Why does studying only active GitHub repositories introduce survivorship bias?

Survivorship bias occurs because the repositories you can observe are the ones that survived long enough to still exist and still be active. Projects that were abandoned early, deleted by their owners, or never gained any traction are absent from the sample. If you want to understand what makes projects succeed, you are missing the very data that would contrast success with failure. The effect is that your conclusions describe what active projects look like, not what causes a project to become active.

A paper finds that repositories with more GitHub stars have higher code quality as measured by static analysis. Why can't you conclude that gaining stars causes quality to improve?

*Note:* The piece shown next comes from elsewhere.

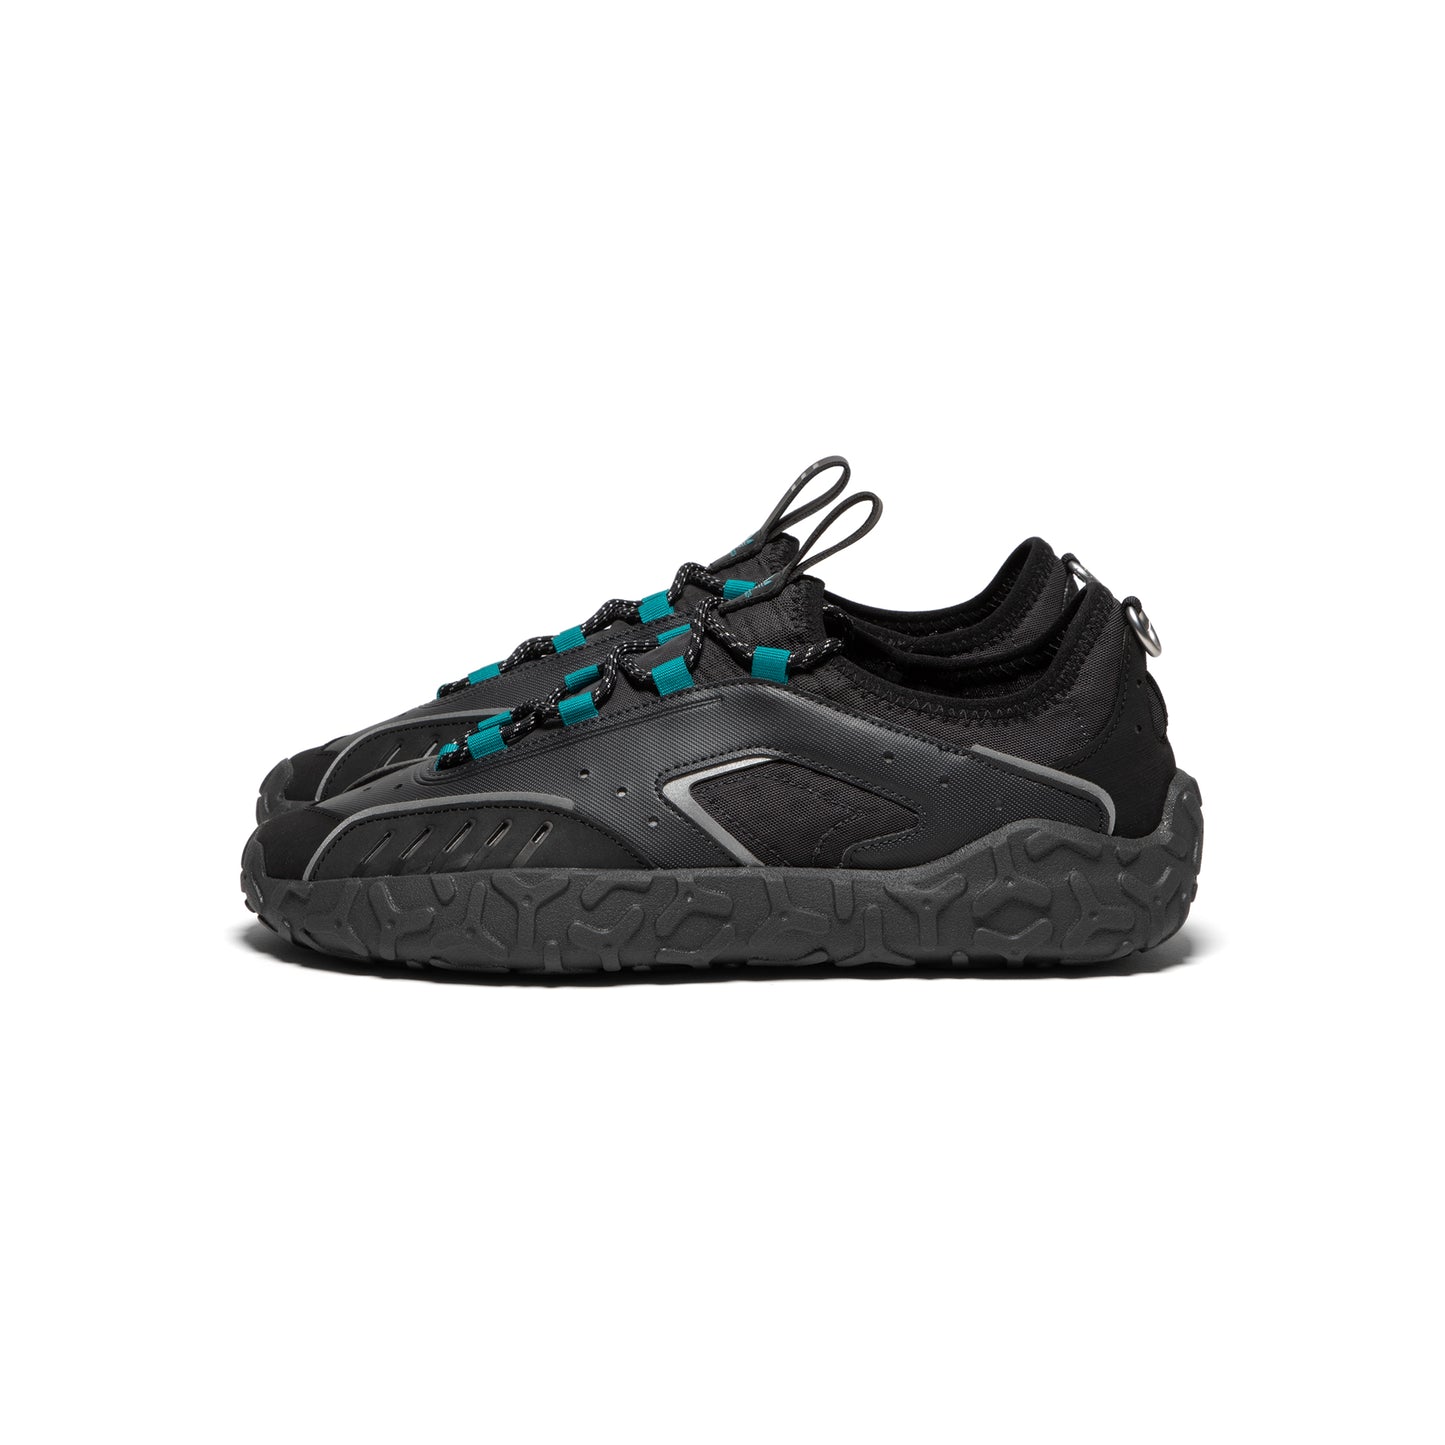 adidas Atric23 (Core Black/Carbon/Teal)

Correlation between stars and quality is consistent with at least three explanations. Stars might cause quality if developers clean up their code after it becomes popular. Quality might cause stars if well-written code attracts users. Or a third variable, such as the reputation and skill of the original author, might cause both high quality and high star counts independently. Without an experiment or a careful causal design, you cannot distinguish between these explanations. The correlation is real; the direction and mechanism are unknown.

Exercises

Threats to validity in a published claim

In a small group, review the following hypothetical finding: "Teams that conduct daily standups ship features 30% faster, based on a voluntary survey of 200 developers at a single company." Identify three specific threats to validity in this study design, name each threat using the vocabulary from this lesson, and describe one concrete change to the study design that would address each threat. For each change, estimate in one sentence how difficult that change would be to implement in practice.

Stars as a quality signal

He et al. found that millions of GitHub stars appear to be fake. Using the 200-repository sample, compute Pearson r between star counts and commit counts. Write one sentence interpreting the correlation you find. Write a second sentence explaining why a high correlation between stars and commits still does not make star count a reliable signal of project quality, given what He et al. found.

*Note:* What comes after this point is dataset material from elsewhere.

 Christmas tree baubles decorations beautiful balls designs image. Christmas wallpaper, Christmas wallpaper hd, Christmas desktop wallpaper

Controlling for a confound

Bird et al. controlled for file size when studying the relationship between ownership and defect rates. In the 200-repository sample, compute Pearson r between the number of commits and the number of contributors. Write two sentences explaining why this correlation matters when any study claims that either variable affects code quality. Then describe in one sentence the statistical approach you would use to study the effect of commits while controlling for contributors.

From correlation to causal claim

Furia et al. argue that observational data supports only correlational claims, not causal ones. Pick any finding from the first week of the course (for example, Python files tend to be longer than JavaScript files). Write one sentence stating the correlation. Write a second sentence proposing a plausible confound that could explain the correlation without any causal relationship between language choice and file length. Write a third sentence describing the study design you would need to rule out that confound.

Activity and star counts

Ait et al. found that many GitHub projects go inactive shortly after creation. In the 200-repository sample, classify each repository as active (last commit within 12 months) or inactive (last commit more than 12 months ago). Compute the mean star count for each group. Report whether active repositories have more stars on average. Write two sentences interpreting the result and explaining whether the difference, if any, implies that star count is a useful predictor of project activity.